Cell proliferation assay
To analyze the effect of Par3 or STAT3 knockdown on cell proliferation, cell proliferation assays were performed. Five thousand cells were seeded into each well of 96-well plates after 48 h of siRNA transfection. Cell Counting Kit-8 using the tetrazolium salt WST-8 [2-(2-methoxy-4-nitrophenyl)-3-(4-nitrophenyl)-5-(2,4-disulfophenyl)-2H-tetrazolium, monosodium salt (Dojindo, Tokyo, Japan) was used to quantify the number of cells by monitoring the changes in the absorbance at 450 nm, which were normalized relative to the absorbance of cells transfected with non-targeting siRNA.
Enzyme-linked immunosorbent assay (ELISA)

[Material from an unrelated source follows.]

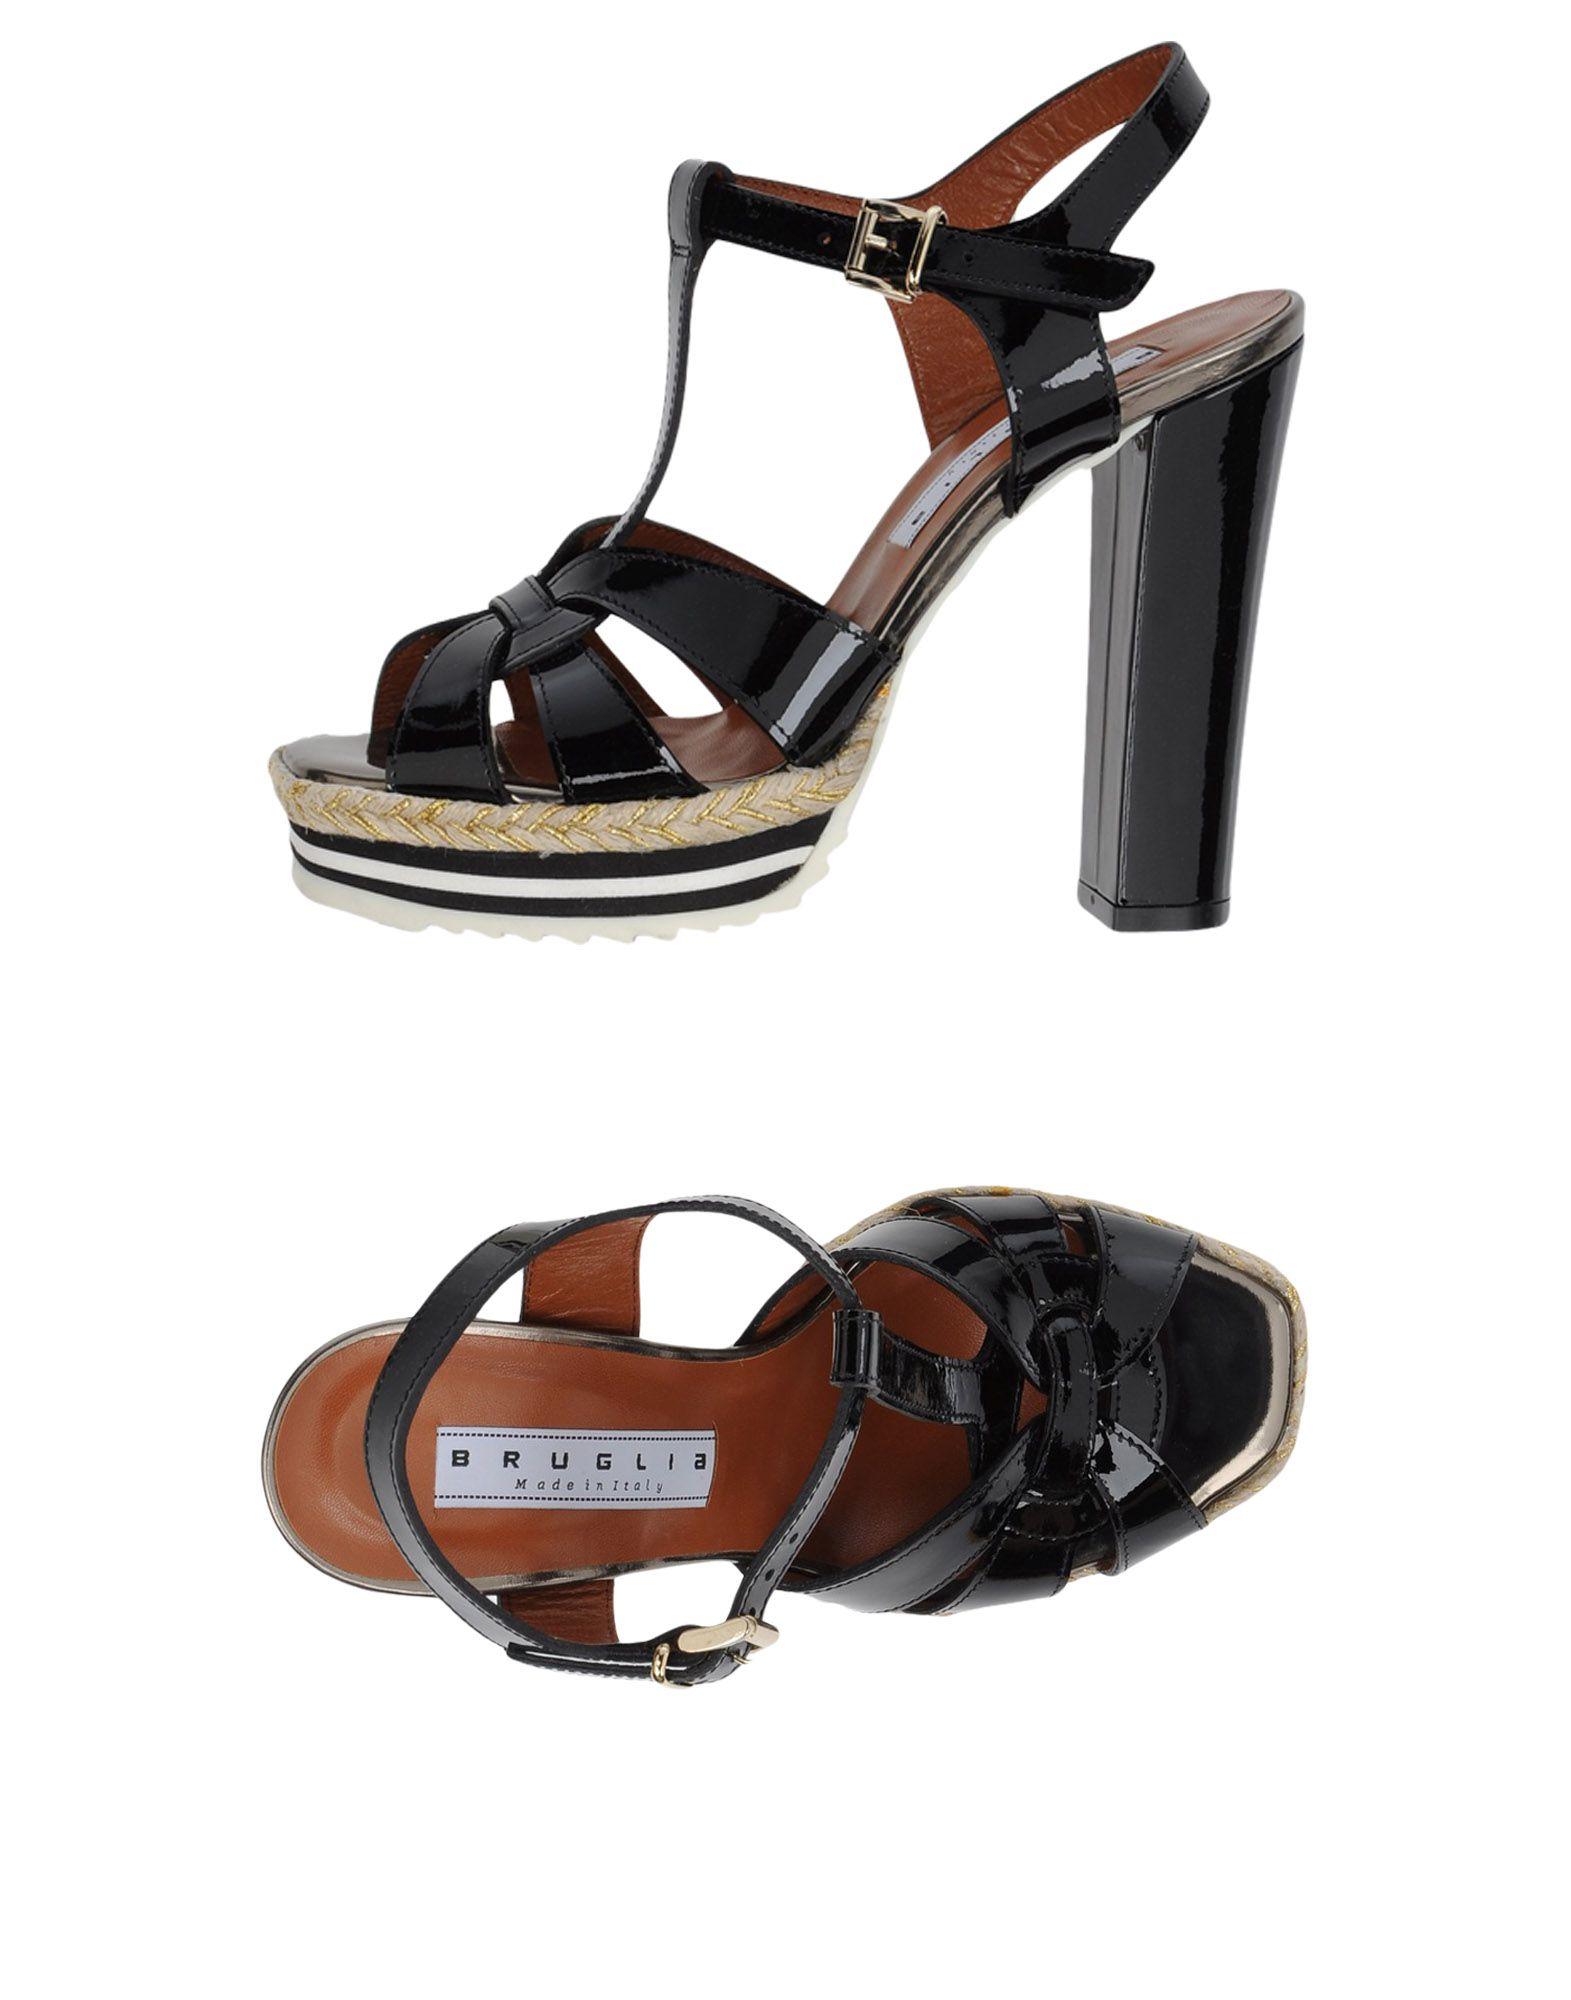 F.Lli 11345598GI Bruglia Sandalen Damen  11345598GI F.Lli Gute Qualität beliebte Schuhe 324b4c

To analyze the effect of Par3 knockdown on IL-6 levels, an ELISA for IL-6 was performed. Five thousand cells were seeded into each well of 96-well plates followed by incubation for 24 h. Cells were then transfected with siRNA against Par3, and 48 h later, the supernatant was collected for ELISA analysis. Human IL-6 DuoSet ELISA Kit (R&D systems, Minnesota, USA) was used for IL6 detection according to the manufacturer’s instruction.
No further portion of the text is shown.